Let us shift our resources away from foreign interdiction efforts and toward programs at home that work, including treatment, harm reduction, and prevention programs that reduce this country's demand for drugs and reduce the harm they cause. With the necessary will, we can provide the funding necessary to identify the very best programs. Our new drug policy agenda must be based on objective evaluation and effectiveness.

This is a critical time. It is no longer sufficient to simply criticize the destructive, vengeful, and expensive policies of the past and present. Let us move forward with a bold agenda for creating truly effective drug policies and harm reduction programs. Our approach must force our nation's leaders to define and live by a clearly articulated goal. This means constantly reevaluating our programs, even those dear to our hearts and politically popular, to ensure that our money is being well spent. Our commitment to the objective may mean we have to make difficult decisions, but our citizens deserve nothing less.

Let us also commit to implementation of the programs supported by objective, peer-reviewed research. If truly effective, honestly evaluated programs could attain the following DARE has developed, we might see the demand for drugs in this country drop dramatically.

As we speak, hundreds of thousands of American citizens sit in federal prisons, wasting their lives behind bars because of non-violent drug offenses. Our judges are not allowed to judge, and are still bound by excessive sentencing guidelines that place the power of sentencing into the hands of prosecutors.

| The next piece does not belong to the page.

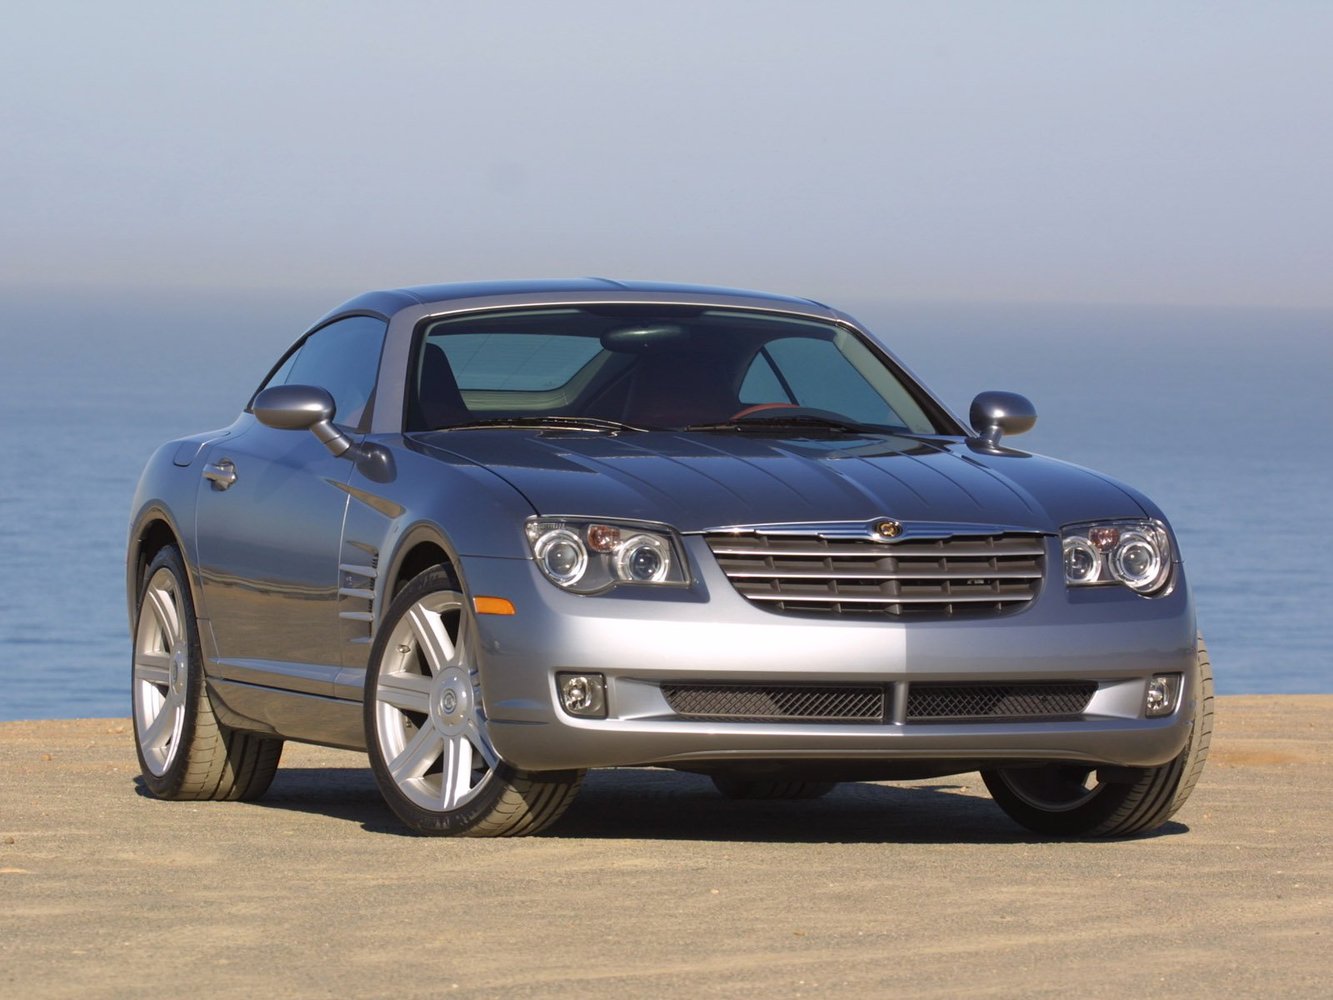 Chrysler Crossfire 2003 - 2008

While hundreds of thousands of Americans waste their lives away in jails and prisons, a lucky few receive a second chance. Cory Stringfellow is on of the rare fortunates. In just a few short weeks, he will be a free man, with a new appreciation for his freedom. After receiving a pardon from President Clinton, Cory wrote: "I must now take it upon myself to prove to the public the error of determinate criminal sentencing schemes that pay no heed to the circumstances surrounding the crimes nor to the ambitious attempts of the incarcerated to rehabilitate and improve themselves. I am so grateful for the second chance that I have been given to fulfill my dreams. This act has saved my life."

Our war against the war on drugs has made tremendous progress. The American people now recognize the war on drugs is not working, but do not know with what we can replace it, so they advocate its continuation. We can seize this opportunity to provide a replacement. We can point our communities and the nation to the overriding objective: reducing the negative impacts of drugs on our society. We can research the best ways to achieve this objective, and implement only the most effective programs in our communities. We now have a tremendous opportunity.

Let us rise to the challenge and reduce the harm our current approach is causing to substance abusers, victims of crime related to substance abuse, families, our communities, and taxpayers. We know there is a better way. Let us pursue it together.